Role of the Funder/Sponsor: The funding sources had no role in the design and conduct of the study; collection, management, analysis, and interpretation of the data; preparation, review, or approval of the manuscript; and decision to submit the manuscript for publication, with the following exception. Part of the data used in preparation of this article was obtained from the ADNI database (http://adni.loni.usc.edu); as such, the investigators within the ADNI contributed to the design and implementation of ADNI and/or provided data but did not participate in analysis or writing of this report.

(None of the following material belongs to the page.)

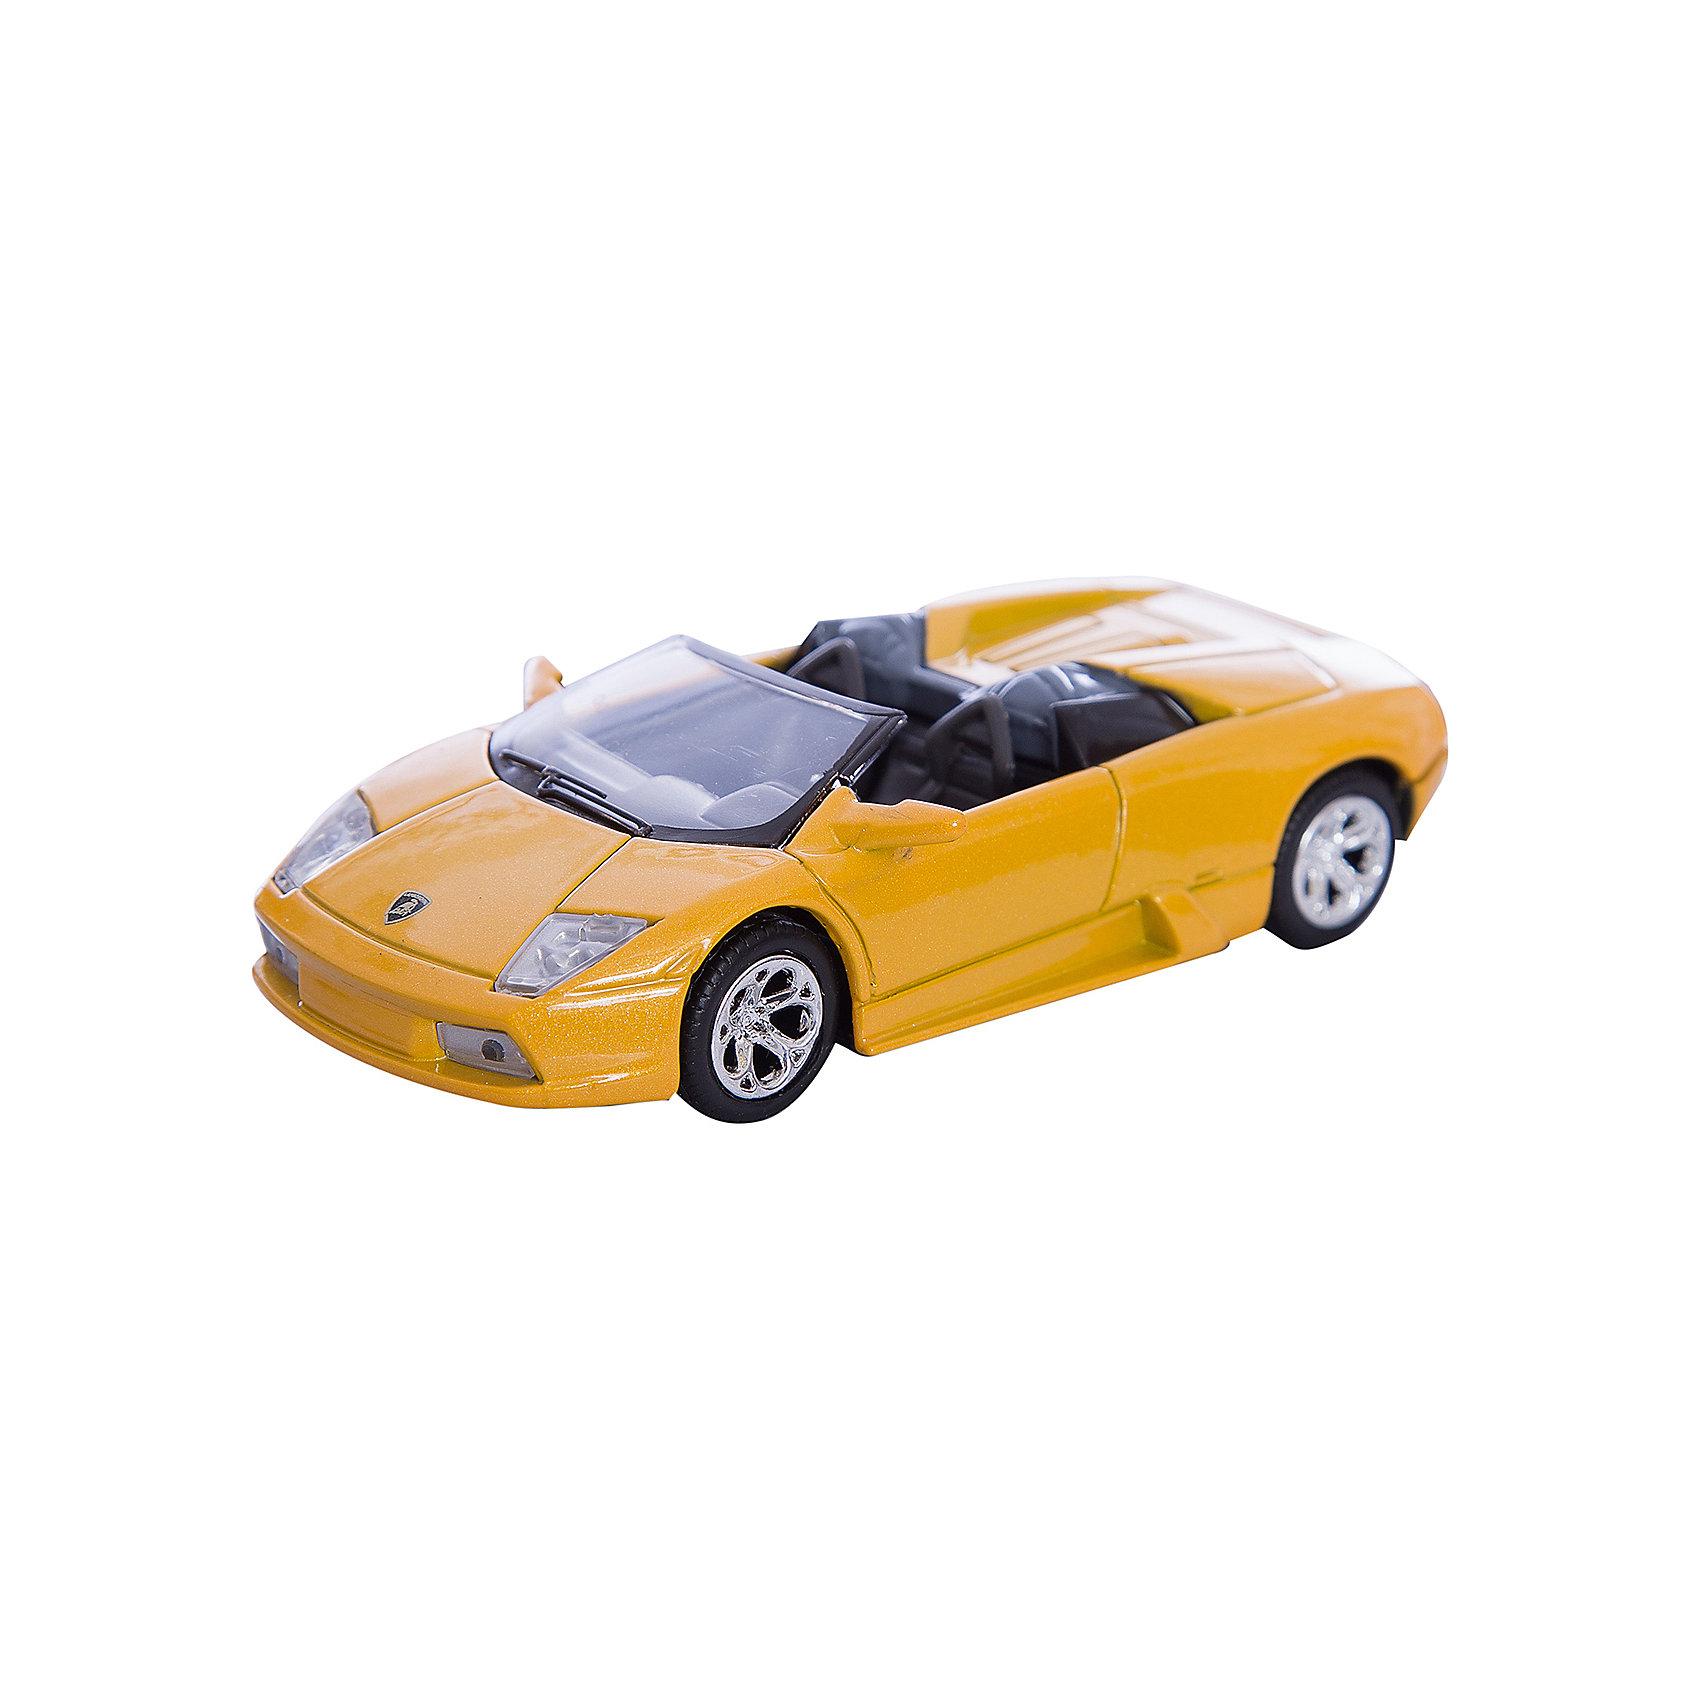 Машинка Lamborghini Murcielago Roadster 1:43, AutotimeМашинки<br>Характеристики товара:<br><br>• цвет: в ассортименте<br>• возраст: от 3 лет<br>• материал: металл, пластик<br>• масштаб: 1:43<br>• колеса вращаются<br>• размер упаковки: 16х6х7 см<br>• вес с упаковкой: 100 г<br>• страна бренда: Россия, Китай<br>• страна изготовитель: Китай<br><br>Эта коллекционная модель машинки отличается высокой детализацией. Окна - прозрачные, поэтому через них можно увидеть салон.<br><br>Машинка произведена из прочного и безопасного материала. <br><br>Машинку «Lamborghini Murcielago Roadster», 1:43, Autotime (Автотайм) можно купить в нашем интернет-магазине.<br><br>Ширина мм: 165<br>Глубина мм: 57<br>Высота мм: 75<br>Вес г: 13<br>Возраст от месяцев: 36<br>Возраст до месяцев: 2147483647<br>Пол: Мужской<br>Возраст: Детский<br>SKU: 5584100

Additional Contributions: Neuropsychologist Susanna Vestberg, PhD, Department of Psychology, Lund University, Sweden, assisted with characterizing cohort C regarding the cognitive status and did not receive any compensation for this work. The ADNI data are disseminated by the Laboratory for Neuro Imaging at the University of California, Los Angeles.